• Prompt
Produce exactly the lines from the one holding "スパイラルパーマのかかった髪" through the last line of the data below, with every picture left out.

• Supplied data

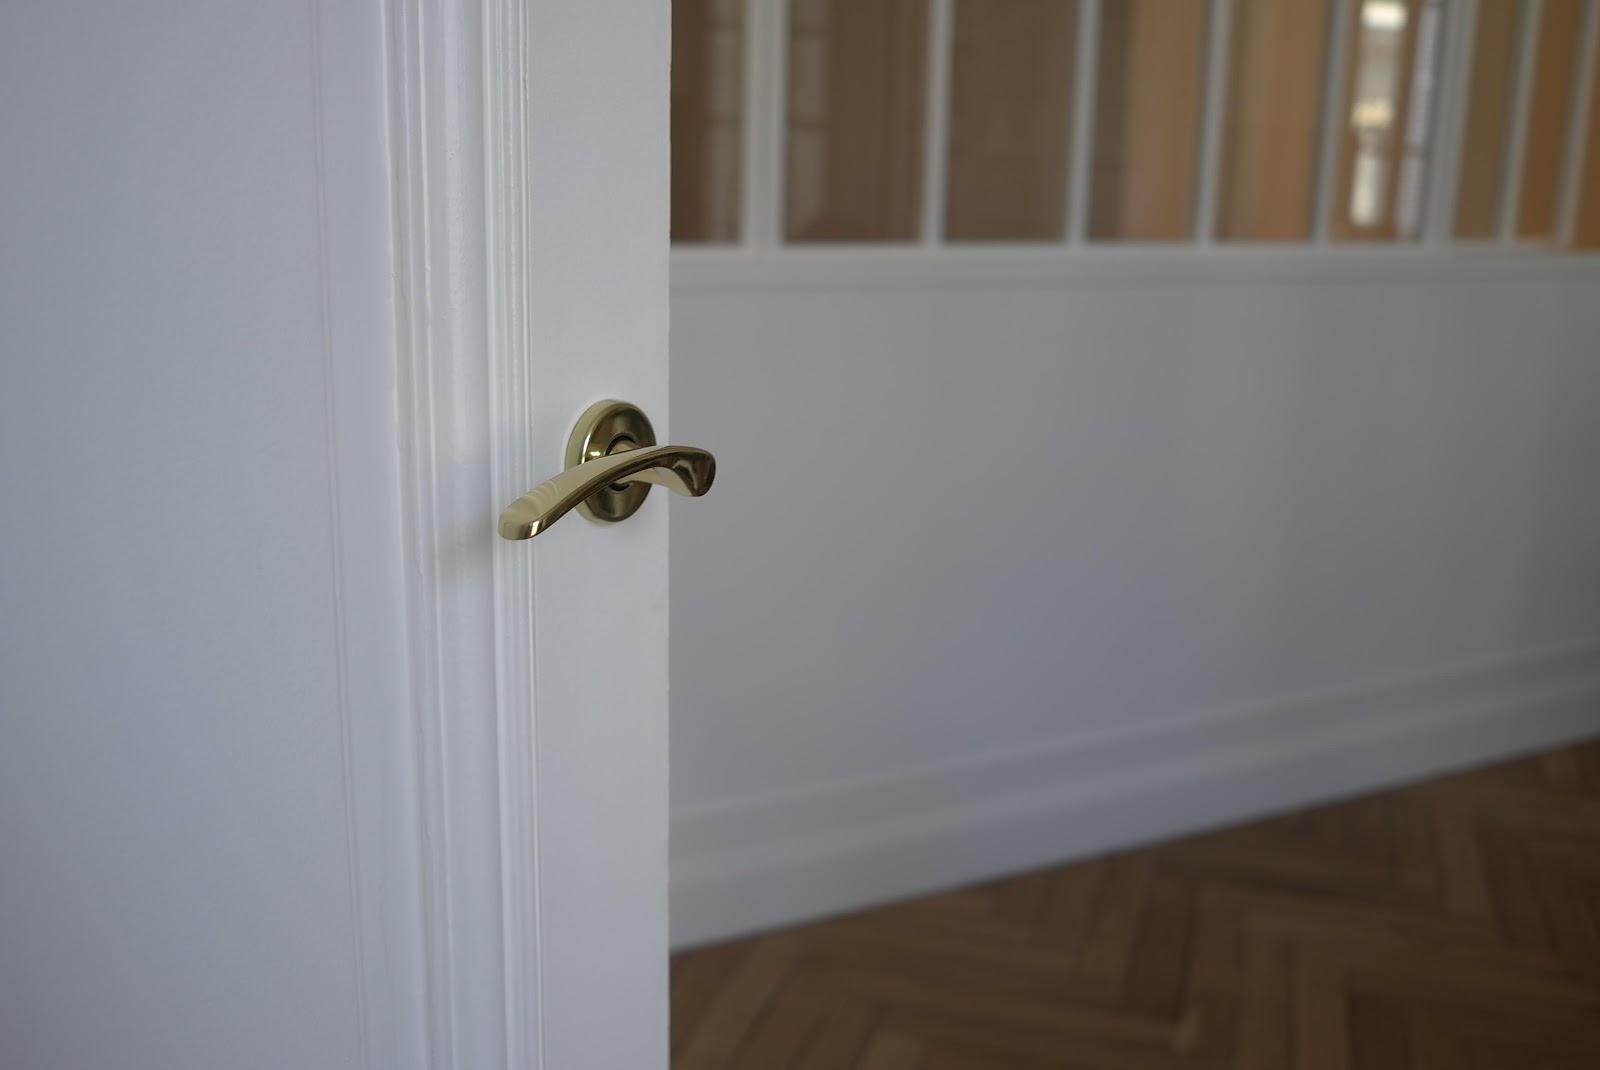 projet rue vitale carles bordeaux sylvain lallemand decorateur bordeaux. Black Bedroom Furniture Sets. Home Design Ideas
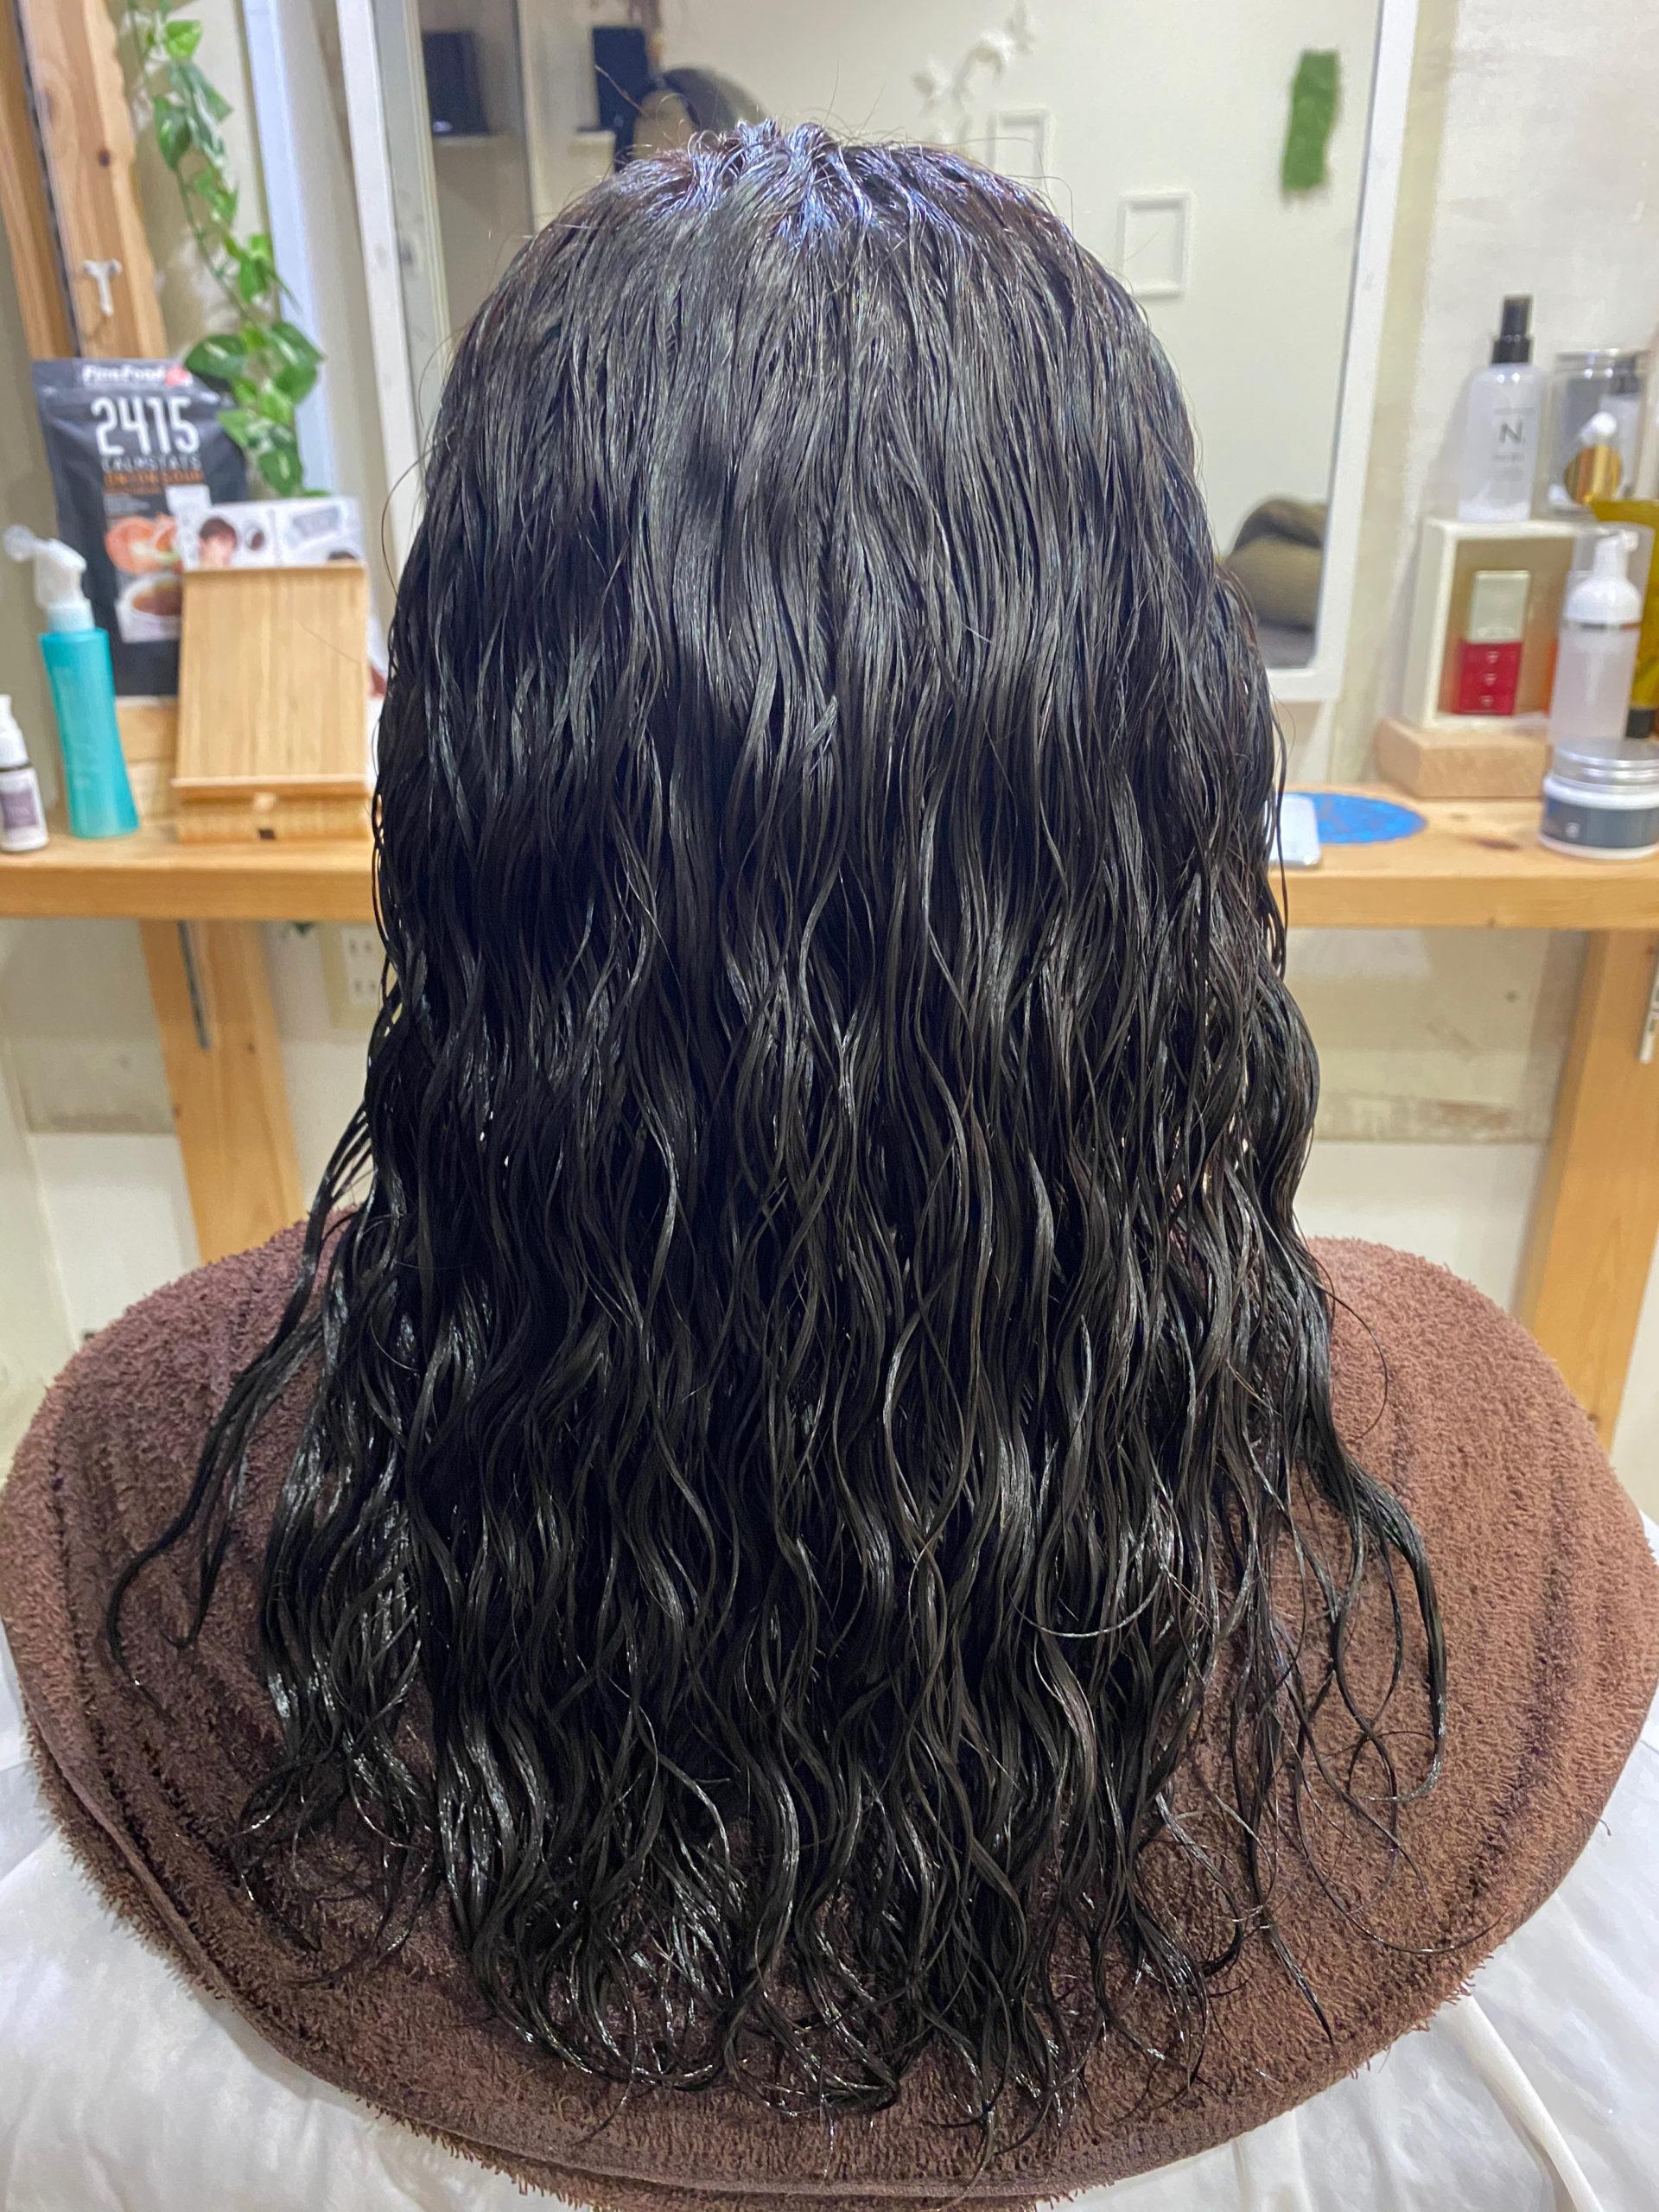 スパイラルパーマのかかった髪を【ビビリ矯正】で艶髪。原宿・表参道『髪のお悩みを解決するヘアケア美容師の挑戦』
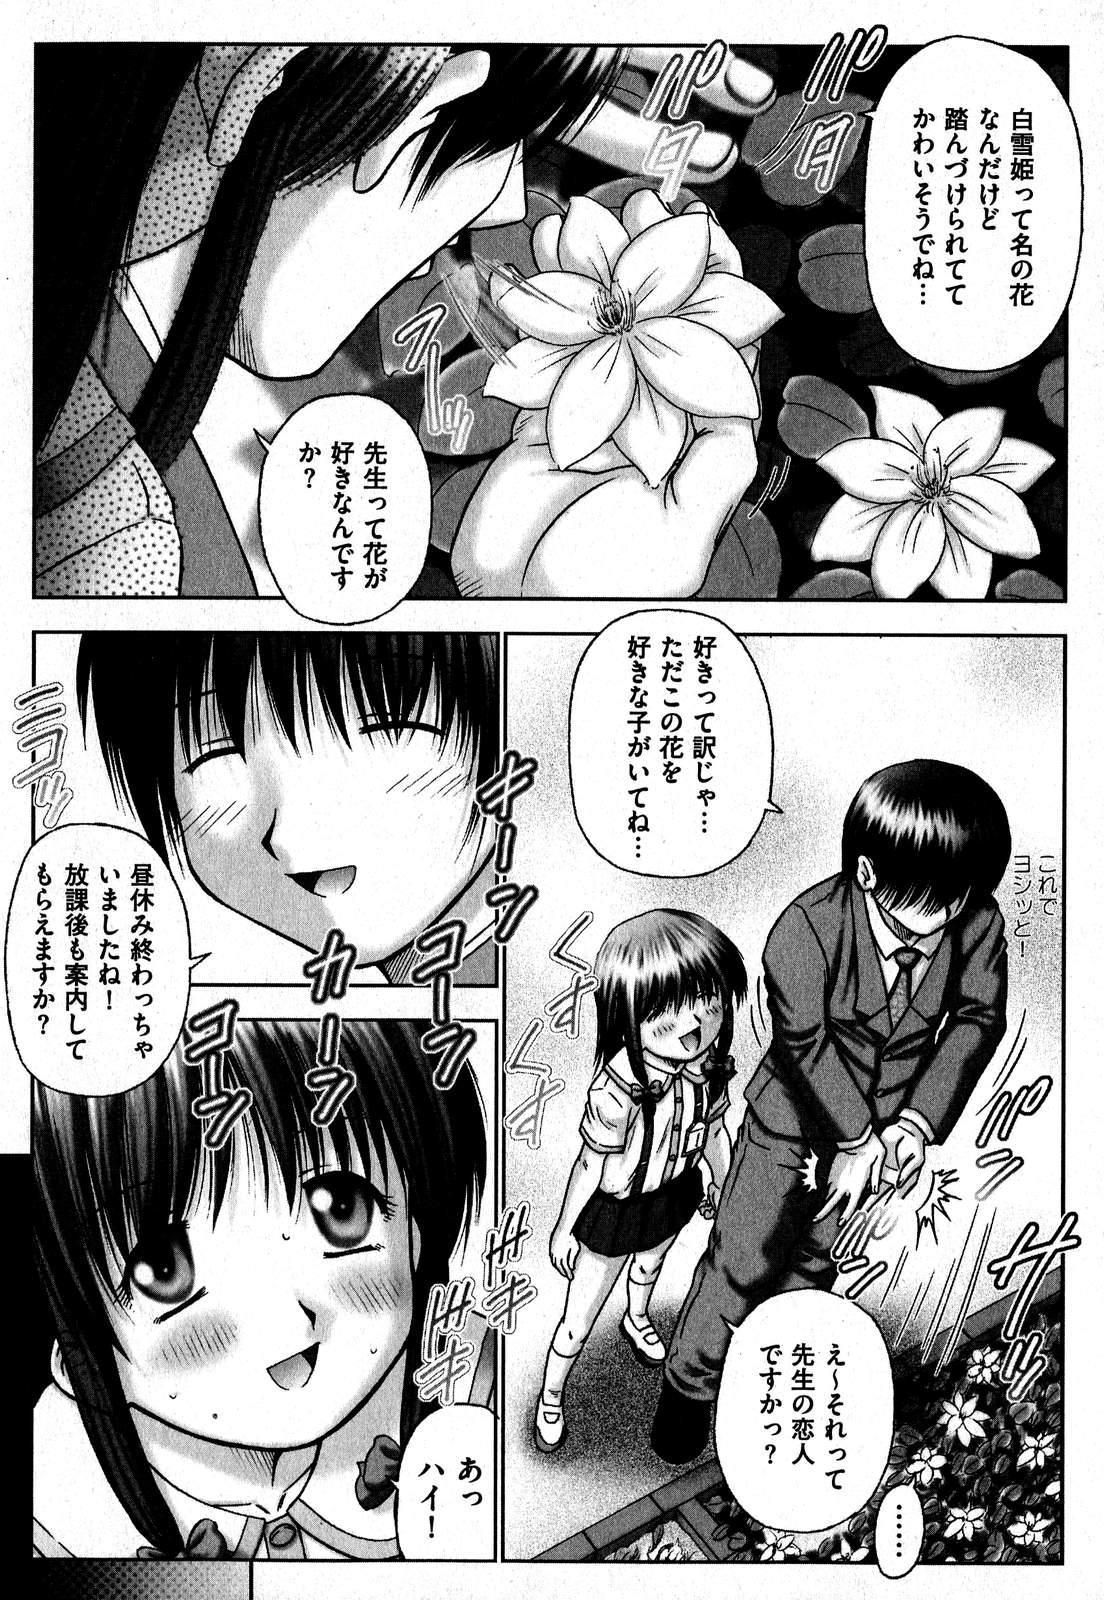 COMIC XO 2007-09 Vol. 16 143

• Output
 スパイラルパーマのかかった髪を【ビビリ矯正】で艶髪。原宿・表参道『髪のお悩みを解決するヘアケア美容師の挑戦』
 COMIC XO 2007-09 Vol. 16 143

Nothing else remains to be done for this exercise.